3. When to Use Each¶

np.linalg.svd: Full SVD, small/medium matrices
scipy.sparse.linalg.svds: Truncated SVD, sparse matrices
sklearn.decomposition.TruncatedSVD: Randomized, very large matrices

Exercises¶

Exercise 1. Compute the SVD of A = np.array([[1, 2], [3, 4], [5, 6]]). Reconstruct A from U, s, and Vt by forming U[:, :2] @ np.diag(s) @ Vt. Verify the reconstruction matches A.

Solution to Exercise 1

import numpy as np

A = np.array([[1, 2], [3, 4], [5, 6]], dtype=float)
U, s, Vt = np.linalg.svd(A)
A_reconstructed = U[:, :2] @ np.diag(s) @ Vt
print(f"Match: {np.allclose(A, A_reconstructed)}")

Exercise 2. Use SVD to compute a rank-1 approximation of A = np.array([[1, 2, 3], [4, 5, 6], [7, 8, 9]]).

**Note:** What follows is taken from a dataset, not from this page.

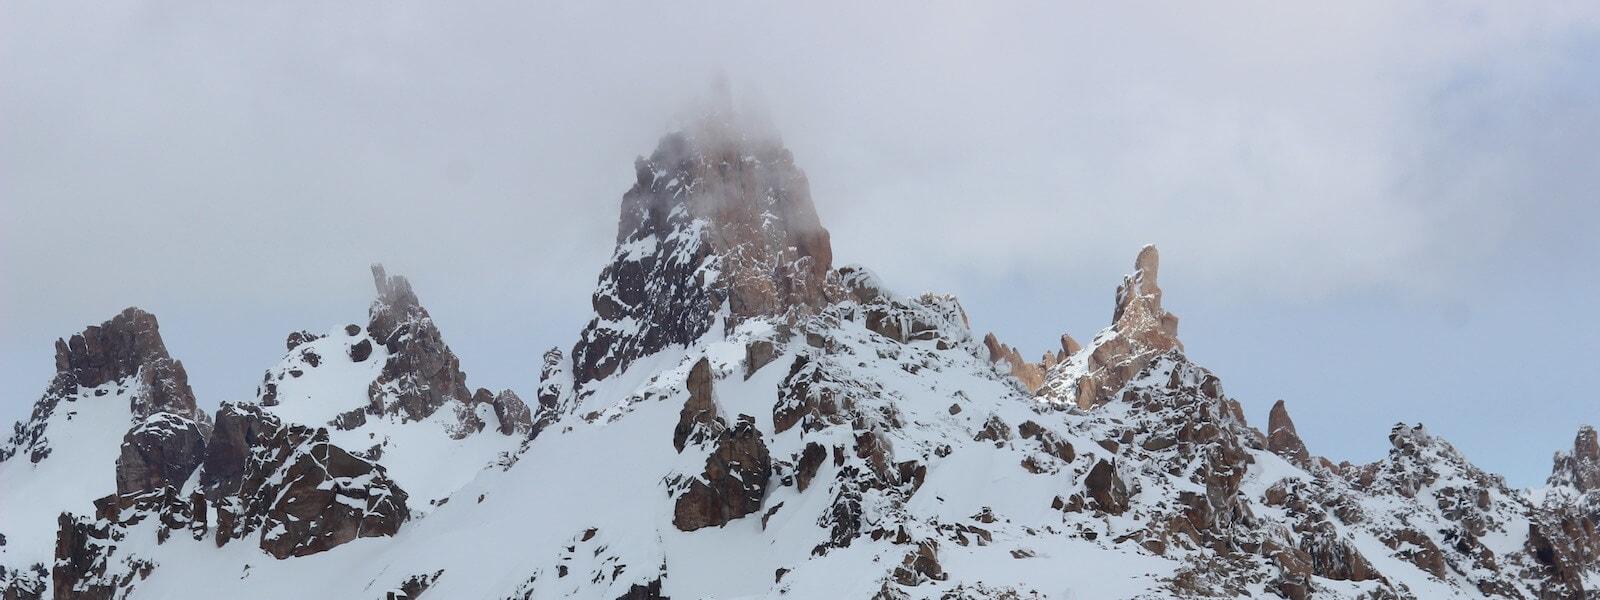 la hoya ski resort and the patagonia landscape

Keep only the first singular value and its corresponding vectors. Compute the approximation error as the Frobenius norm of the difference.

Solution to Exercise 2

import numpy as np

A = np.array([[1, 2, 3], [4, 5, 6], [7, 8, 9]], dtype=float)
U, s, Vt = np.linalg.svd(A)

# Rank-1 approximation
A_rank1 = s[0] * np.outer(U[:, 0], Vt[0, :])
error = np.linalg.norm(A - A_rank1, 'fro')
print(f"Rank-1 approximation error: {error:.4f}")
print(f"Second singular value (expected error): {s[1]:.4f}")

Exercise 3. Compute the condition number of A = np.array([[1, 2], [3, 4]]) using SVD (ratio of largest to smallest singular value). Verify it matches np.linalg.cond(A).

Solution to Exercise 3

import numpy as np

A = np.array([[1, 2], [3, 4]], dtype=float)
_, s, _ = np.linalg.svd(A)
cond_svd = s[0] / s[-1]
cond_np = np.linalg.cond(A)
print(f"SVD condition number: {cond_svd:.4f}")
print(f"np.linalg.cond:      {cond_np:.4f}")
print(f"Match: {np.allclose(cond_svd, cond_np)}")